The cardinal points and planes of an optical system include:
★ The
'focal points' and 'focal planes'
★ The 'principal planes' and 'principal points'
★ The 'surface vertices' (or ''vertexes'')
★ The 'nodal points'
For a
lens, there will be two of each of these, identified by "front" and "rear" depending on whether they are on the input or the output side of the lens, respectively.

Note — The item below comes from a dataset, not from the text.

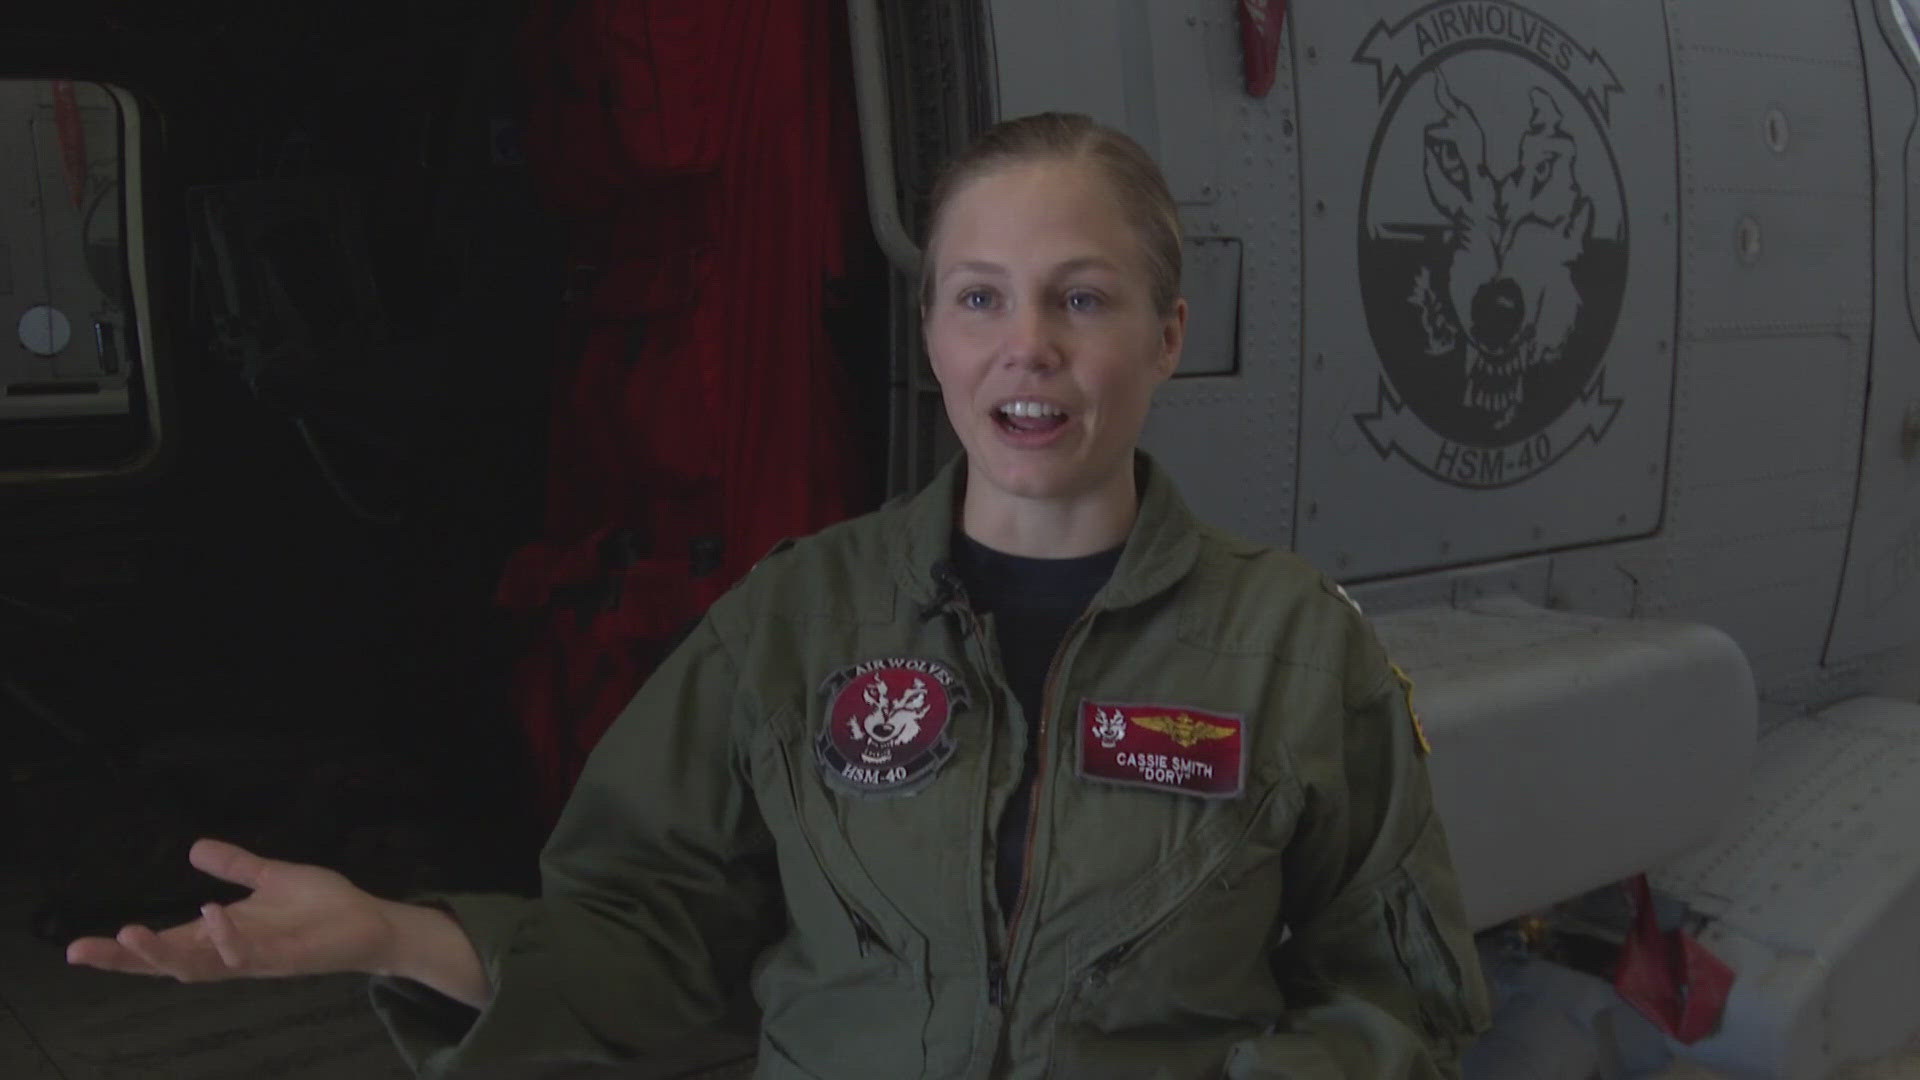 After eight years in the Navy, Lieutenant Cassie "Dory" Smith is now a pilot and instructor. She said her trainees learn how to fly their fleet aircraft.

These points and planes, together with the
aperture stop, and the
chief and
marginal rays of the system, define the locations and sizes of the
entrance and
exit pupils of the system, as well as its other
image-forming properties, such as the
focal length and
magnification.
More detailed and accurate analysis of an optical system's performance can be achieved by
raytracing, either within the paraxial approximation or using "real rays", i.e. rays that refract and reflect according to
Snell's law and the
law of reflection, without approximation.
Definitions
The cardinal points of a thick lens in air.
'F', 'F'' front and rear focal points,
'P', 'P'' front and rear principal points,
'V', 'V'' front and rear surface vertices.
The cardinal points lie on the
optical axis of the optical system. Each point is defined by the effect the optical system has on
rays that pass through that point, in the paraxial approximation. Aperture effects are ignored—rays that do not pass through the aperture stop of the system are ignored in the discussion below.
Focal points and planes
The front focal point of an optical system, by definition, has the property that any ray that passes through it will emerge from the system parallel to the optical axis. The rear (or back) focal point of the system has the reverse property: rays that enter the system parallel to the optical axis are focused such that they pass through the rear focal point.
The front and rear (or back) focal ''planes'' are defined as the planes, perpendicular to the optic axis, which pass through the front and rear focal points. An object an infinite distance away from the optical system forms an
image at the rear focal plane. For objects a finite distance away, the image is formed at a different location, but rays that leave the object parallel to one another cross at the rear focal plane.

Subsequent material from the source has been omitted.